Hetty Howland Robinson Green
Astute businesswoman and investor. Reportedly the wealthiest woman in the world at the time of her death in 1916. Nicknamed ""The Witch of Wall Street"" because of her extreme frugality and its effects on her family.
Date of Birth11/21/1834
Date of Death07/03/1916
Primary ResidenceBellows Falls
Henrietta (Hetty) Howland Robinson Green was as astute businesswoman and investor who was reportedly the wealthiest woman in the world at the time of her death in 1916. Criticized for her extreme frugality and her treatment of family members, she was dubbed "The Witch of Wall Street."
Hetty Green was born in New Bedford, Massachusetts, in 1834 and had a Quaker upbringing. She was the daughter of Edward Robinson, who controlled the Isaac Howland Jr. Company, a wealthy whaling firm. Green grew up around business and learned about money, investments and the stock market at a young age. Her father died in 1865 and left her as the sole heiress of $1,000,000 in cash and $4,500,000 in real estate. Two weeks later, her aunt Sylvia died, whom Green had lived with as a teenager. Green received a portion of her aunt's estate, but she contested the will with a document confirming that she was sole inheritor. When the case was brought to court, Green was accused of forging signatures, but eventually the case was dropped.
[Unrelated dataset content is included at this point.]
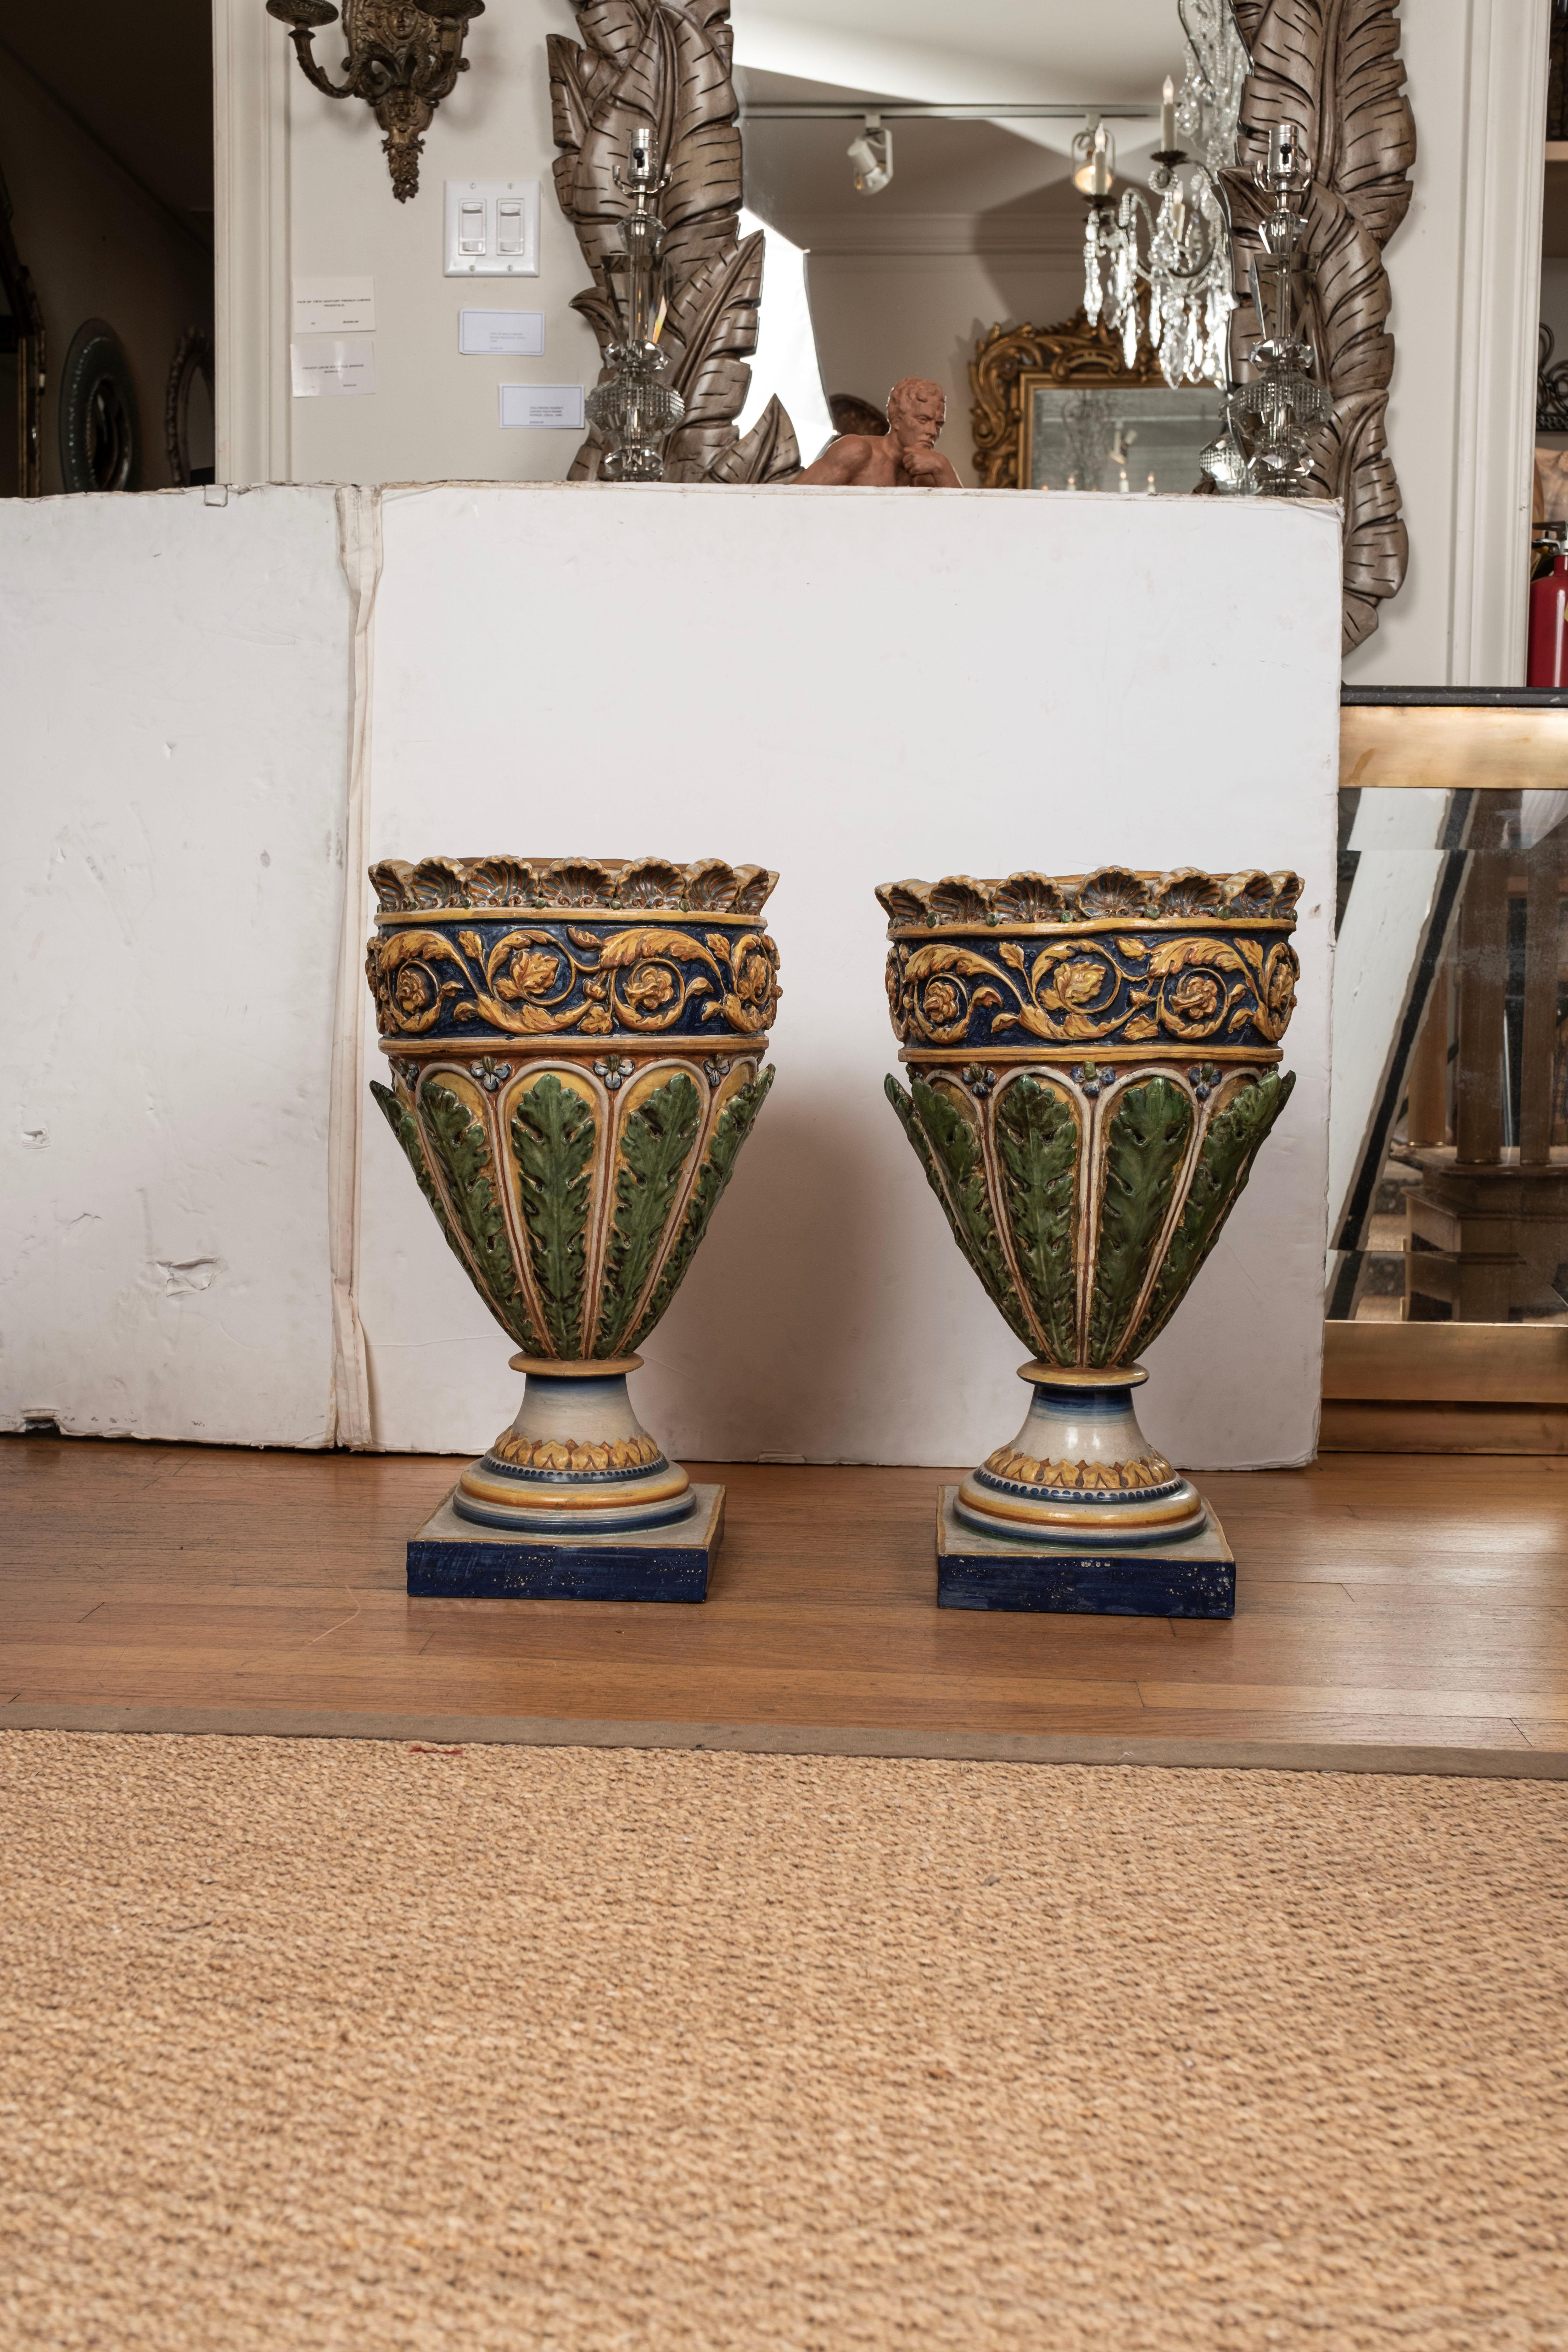 Paar italienische glasierte Terrakotta-Urnen oder Pflanzgefäße.
Dieses atemberaubende Paar italienischer glasierter Terrakotta-Urnen, Pflanzgefäße oder Jardinieres stammt von der Amalfiküste und zeigt schöne Blau-, Gold-, Grün- und Cremetöne mit

Green married her financial advisor, Edward Green of Bellows Falls, Vermont, and initially the couple moved to London. Although Green denied it, they may have left the country to escape forgery charges stemming from the failed lawsuit. When they returned to the United States in 1875, the couple and their two children, Ned and Sylvia, lived with Edward Green's mother in Bellows Falls. Green invested in railroads, real estate, and goverment bonds while continuing to be extremely frugal with her money.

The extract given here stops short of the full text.